What is reification?
Asked Answered
F

4

179

I know that Java implements parametric polymorphism (Generics) with erasure. I understand what erasure is.

I know that C# implements parametric polymorphism with reification. I know that can make you write

public void dosomething(List<String> input) {}
public void dosomething(List<Int> input) {}

or that you can know at runtime what the type parameter of some parameterised type is, but I don't understand what it is.
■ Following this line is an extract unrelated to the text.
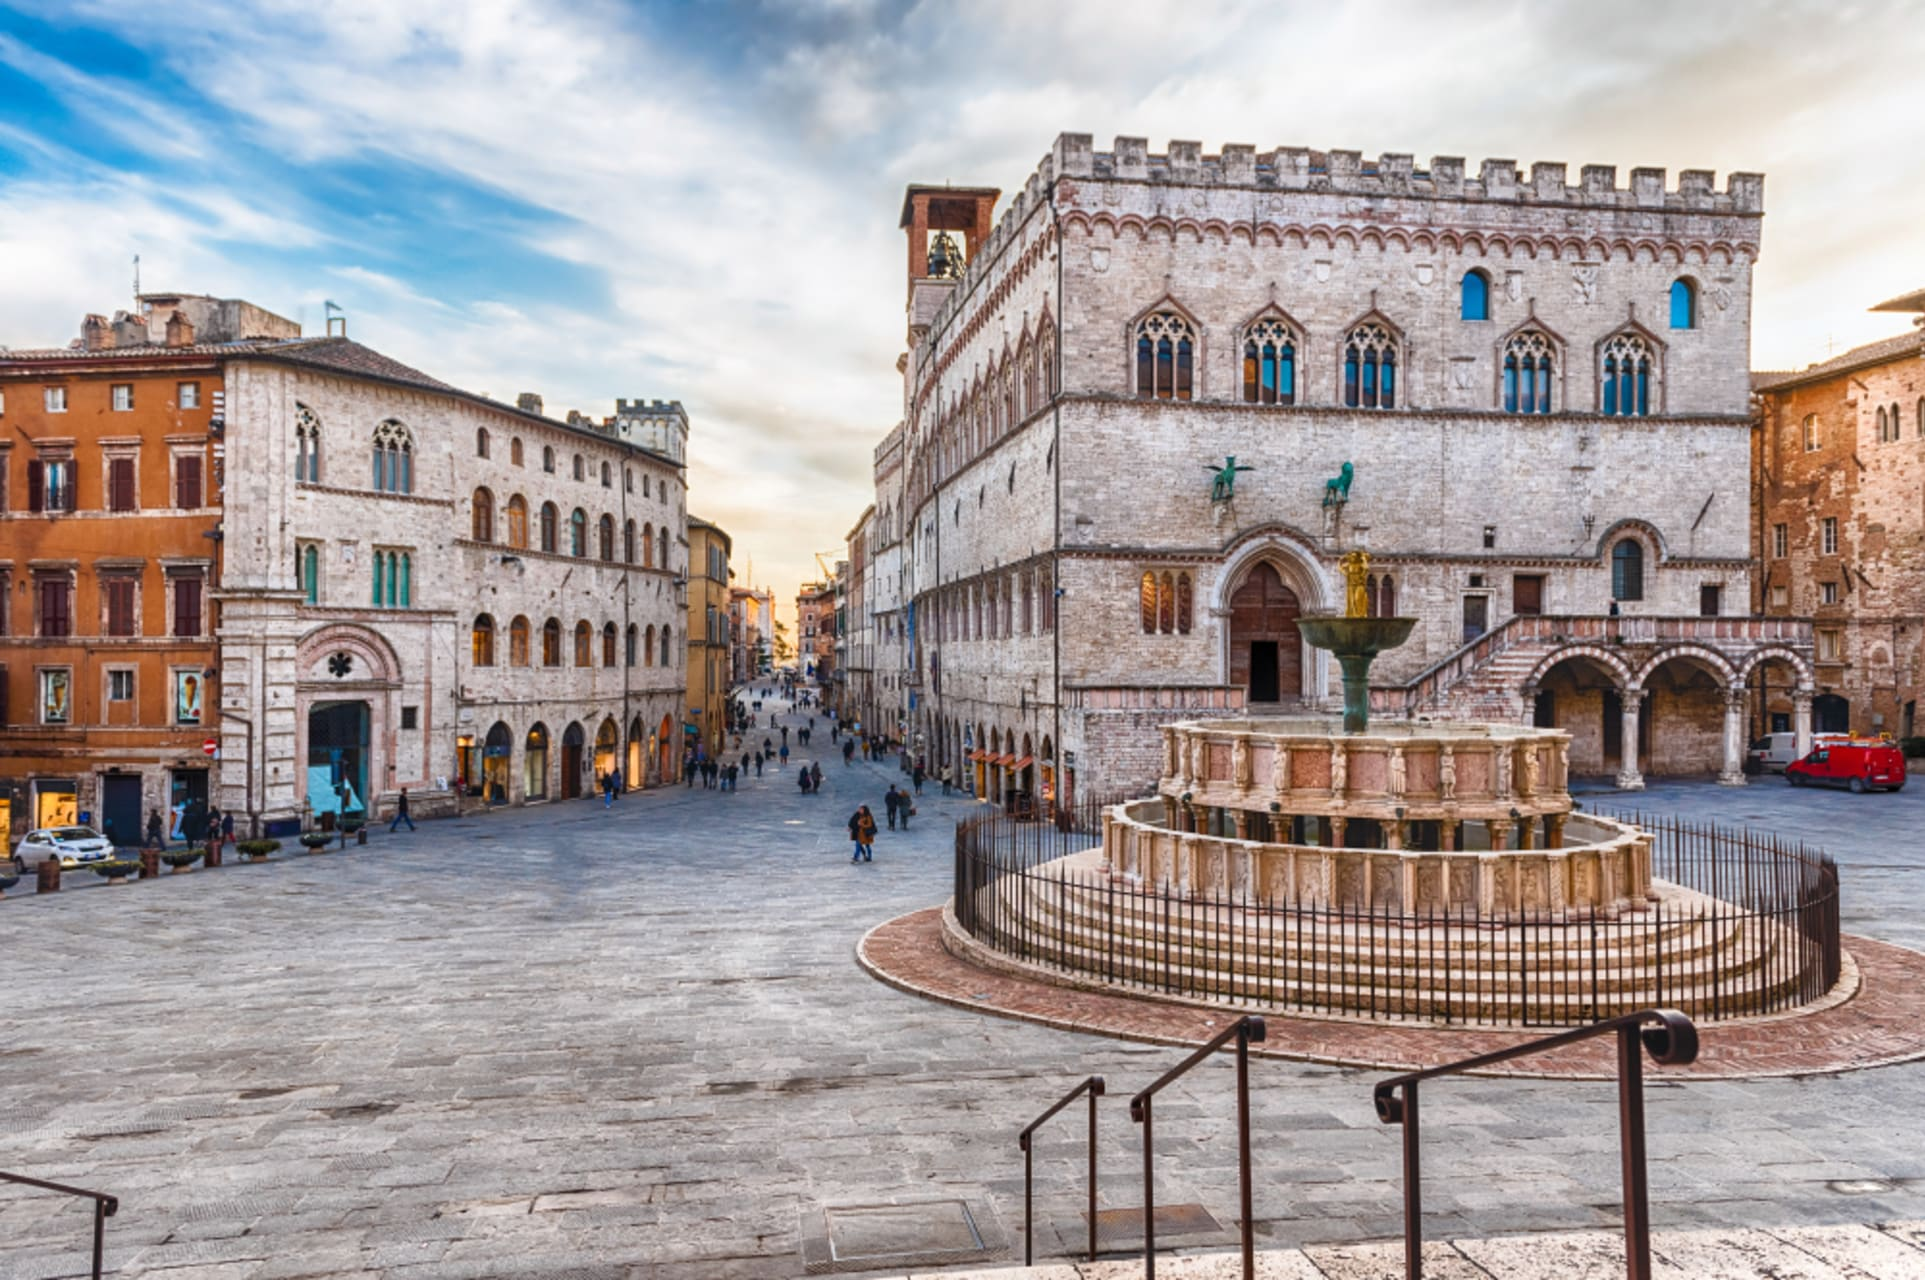 Perugia - Ontdek Perugia in het Nederlands (PRACTICE DUTCH/FLEMISH)

  • What is a reified type?
  • What is a reified value?
  • What happens when a type/value is reified?
Faliscan answered 7/8, 2015 at 11:13 Comment(4)
It's not an answer, but may help someway: beust.com/weblog/2011/07/29/erasure-vs-reificationStipend
@Stipend that seems to answer the question "what is erasure" fairly well, and seems to basically answer "what is reification" with "not erasure" - a common theme I found when initially searching for an answer before posting here.Faliscan
...and there was me thinking reification is the process of converting a switch construct back to an if/else, when it had previously been converted from an if/else to a switch...Greegree
Res, reis is Latin for thing, so reification is literally thingification. I have nothing useful to contribute as far as C#'s use of the term, but the fact in and of itself that they used it makes me smile.Peltry
U
232

Reification is the process of taking an abstract thing and creating a concrete thing.

The term reification in C# generics refers to the process by which a generic type definition and one or more generic type arguments (the abstract thing) are combined to create a new generic type (the concrete thing).

To phrase it differently, it is the process of taking the definition of List<T> and int and producing a concrete List<int> type.

To understand it further, compare the following approaches:

  • In Java generics, a generic type definition is transformed to essentially one concrete generic type shared across all allowed type argument combinations. Thus, multiple (source code level) types are mapped to one (binary level) type - but as a result, information about the type arguments of an instance is discarded in that instance (type erasure).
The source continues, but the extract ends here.